Ka (Kiloannum)-is a unit of time equal to one thousand
Homo habilis lived from about 2.4 to 1.4 Ma. Homo habilis, the first species of the genus Homo, evolved in South and East Africa in the late Pliocene or early Pleistocene, 2.5-2 Ma, when it diverged from the Australopithecines. The fossils of Homo habilis were discovered by Louis Leakey and nicknamed it ‘handy man’ due to its association with stone tools.
a) Smaller molars and larger brains than the Australopithecines
b) Made tools from stone and perhaps animal bones
Homo rudolfensis and Homo georgicus
Homo rudolfensis refers to a single incomplete skull from Kenya.
Homo georgicus, from Georgia, may be an intermediate between Homo habilis and Homo erectus, or a sub-species of Homo erectus.

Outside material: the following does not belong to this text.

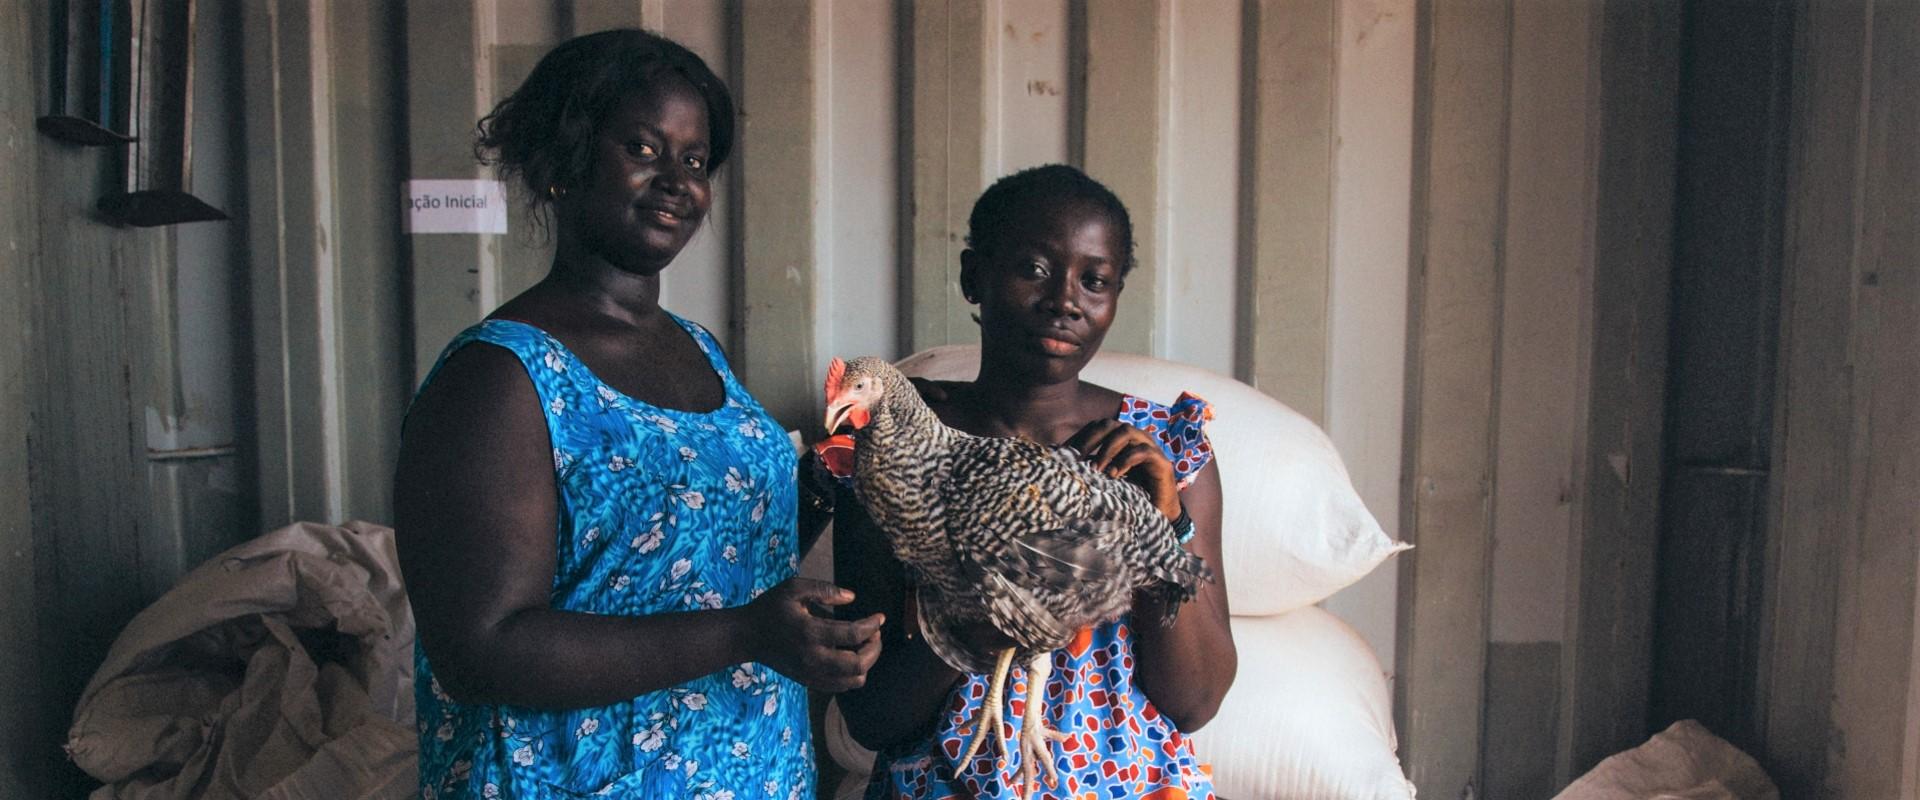 mettiamo le ali allo sviluppo filiera avicola Guinea-Bissau mani tese 2019

Homo ergaster and Homo erectus
Homo ergaster and Homo erectus were discovered by Dutch physician Eugene Dubois in 1891 on the Indonesian island of Java. Homo erectus lived from 1.8Ma to about 70,000 years ago.
In the early Pleistocene, 1.5-1 Ma, in Africa, Asia, and Europe, some populations of the Homo habilis are thought to have evolved larger brains and made more elaborate stone tools. They were classified as a new species, Homo erectus.

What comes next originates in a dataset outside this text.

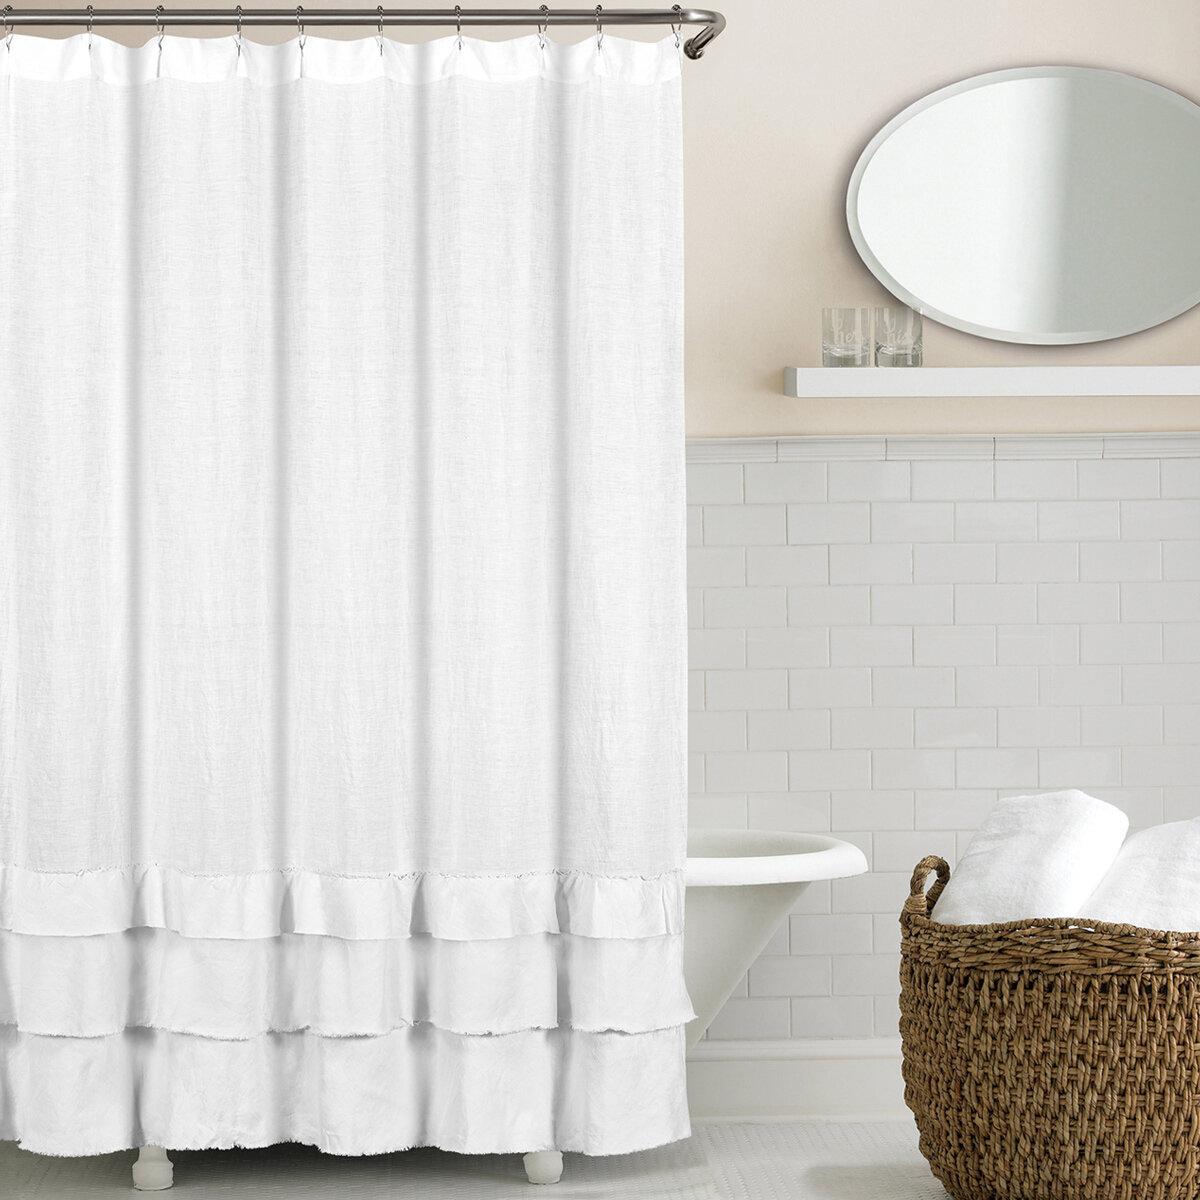 Lark Manor Imane Ruffled Belgian Linen Shower Curtain & Reviews ...

Homo erectus was the first human ancestor to walk truly upright. This was made possible by the evolution of locking knees and a different location of the foramen magnum (the hole in the skull where the spine enters). They may have used fire to cook their meat.
Homo cepranensis and Homo antecessor
These two species lived in the intermediate period between Homo erectus and Homo heidelbergensis.

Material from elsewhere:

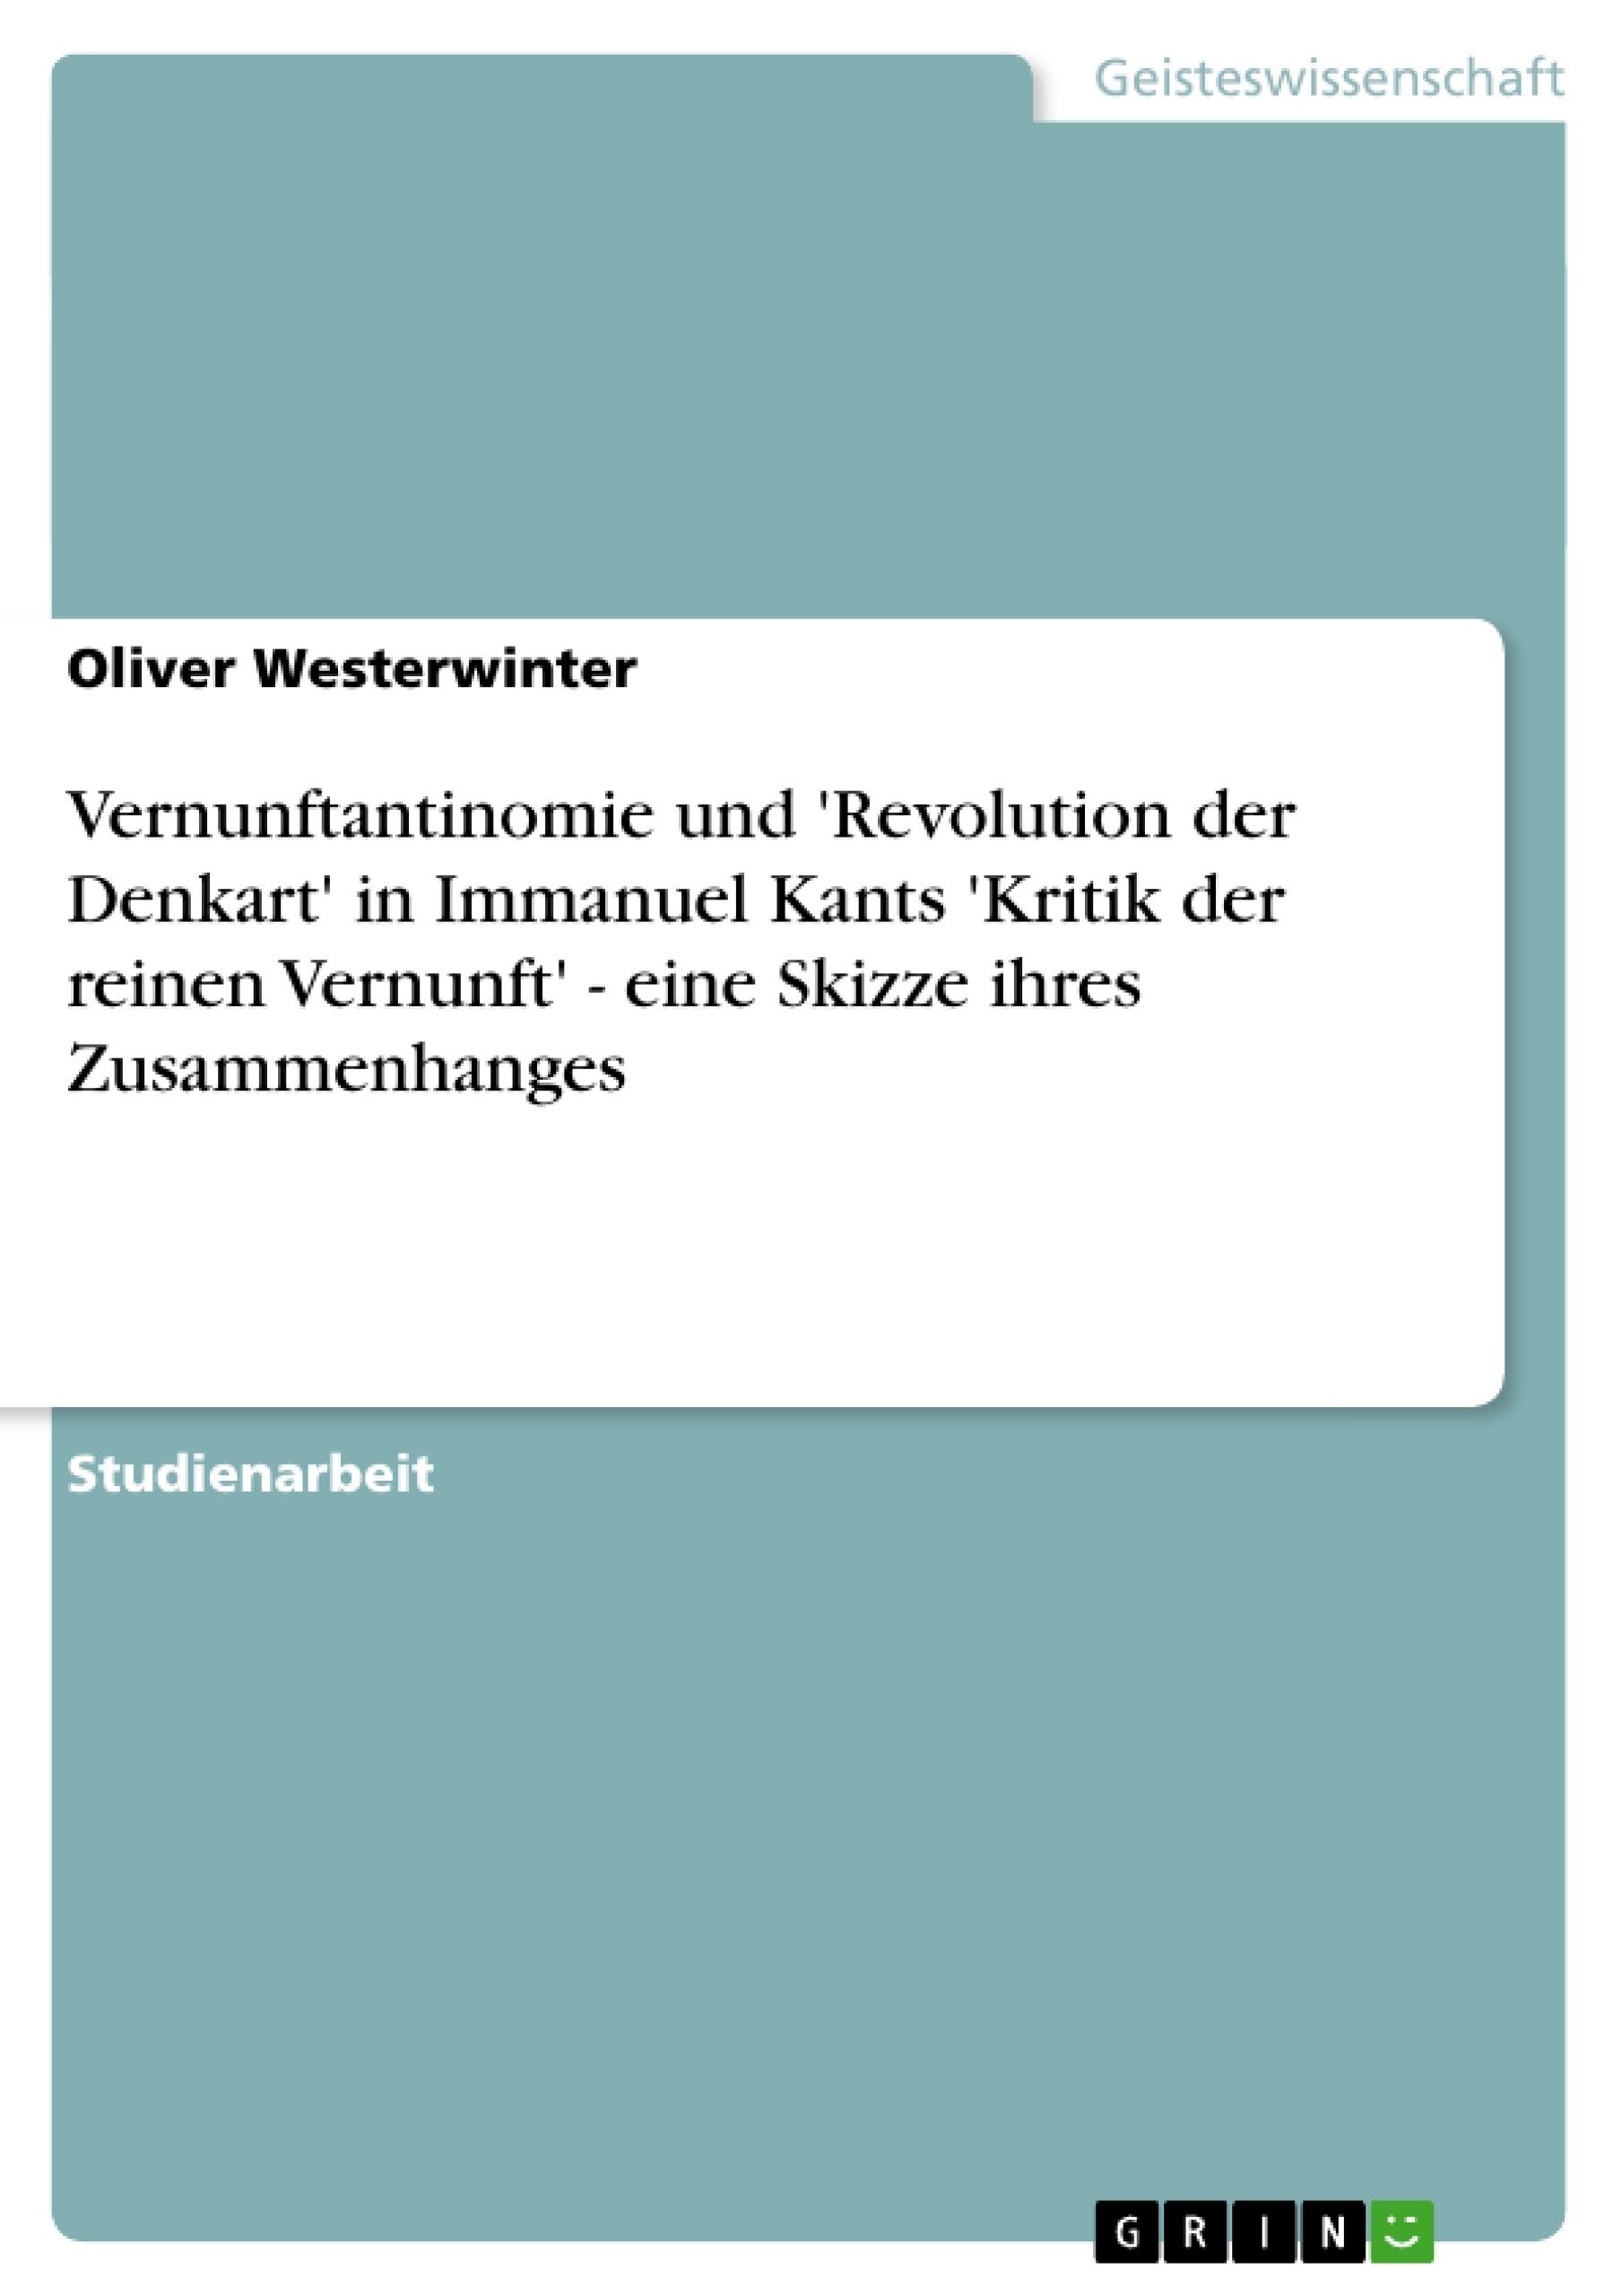 Titel: Vernunftantinomie und 'Revolution der Denkart' in Immanuel Kants 'Kritik der reinen Vernunft' - eine Skizze ihres Zusammenhanges

a) Homo antecessor is known from fossils from Spain and England that are dated 1.2 Ma-500ka.
b) Homo cepranensis refers to a single skull cap from Italy estimated to be about 800,000 years old.
Homo heidelbergensis lived from about 800,000 to about 300,000 years ago
Homo rhodesiensis, and the Gawis cranium
Homo rhodesiensis, estimated to be 300,000-125,000 years old.
In February 2006 a fossil, the Gawis cranium, was found which might possibly be a species intermediate between Homo erectus and Homo sapiens or one of many evolutionary dead ends. The skull from Gawis, Ethiopia, is believed to be 500,000 years old.
Homo neanderthalensis lived from 400,000 years ago
Homo sapiens (the adjective sapiens is Latin for “wise” or “intelligent”) have lived from about 250,000 years ago and the second interglacial period in the Middle Pleistocene. Around 250,000 years ago, the trend in skull expansion and the elaboration of stone tool technologies developed, providing evidence of a transition from Homo erectus to Homo sapiens.
The direct evidence suggests there was a migration of Homo erectus out of Africa, then a further speciation (evolutionary process by which new biological species arise) of Homo sapiens from Homo erectus in Africa. A subsequent migration within and out of Africa eventually replaced the earlier dispersed Homo erectus.
Homo sapiens idaltu, from Ethiopia, is a possible extinct sub-species who lived from about 160,000 years ago.
Homo floresiensis, lived from approximately 100,000 to 12,000 years ago. It is nicknamed ‘hobbit’ owing to its small size, possibly as a result of insular dwarfism. Homo floresiensis share a common ancestor with modern humans, but split from the modern human lineage and followed a distinct evolutionary path.
In 2008, archaeologists working at the site of Denisova Cave in the Altai Mountains of Siberia uncovered a small bone fragment from the fifth finger of a juvenile hominin dubbed the “X-woman” or the Denisova hominin. Artefacts, including a bracelet excavated in the cave at the same level were carbon dated to around 40,000 years ago.
Analysis of the DNA extracted from this fossil indicated that modern humans, Neanderthals, and the Denisova hominin last shared a common ancestor around 1 million years ago. Modern humans are known to have overlapped with Neanderthals in Europe for more than 10,000 years, and the discovery raises the possibility that Neanderthals, modern humans and the Denisovan hominin may have co-existed together.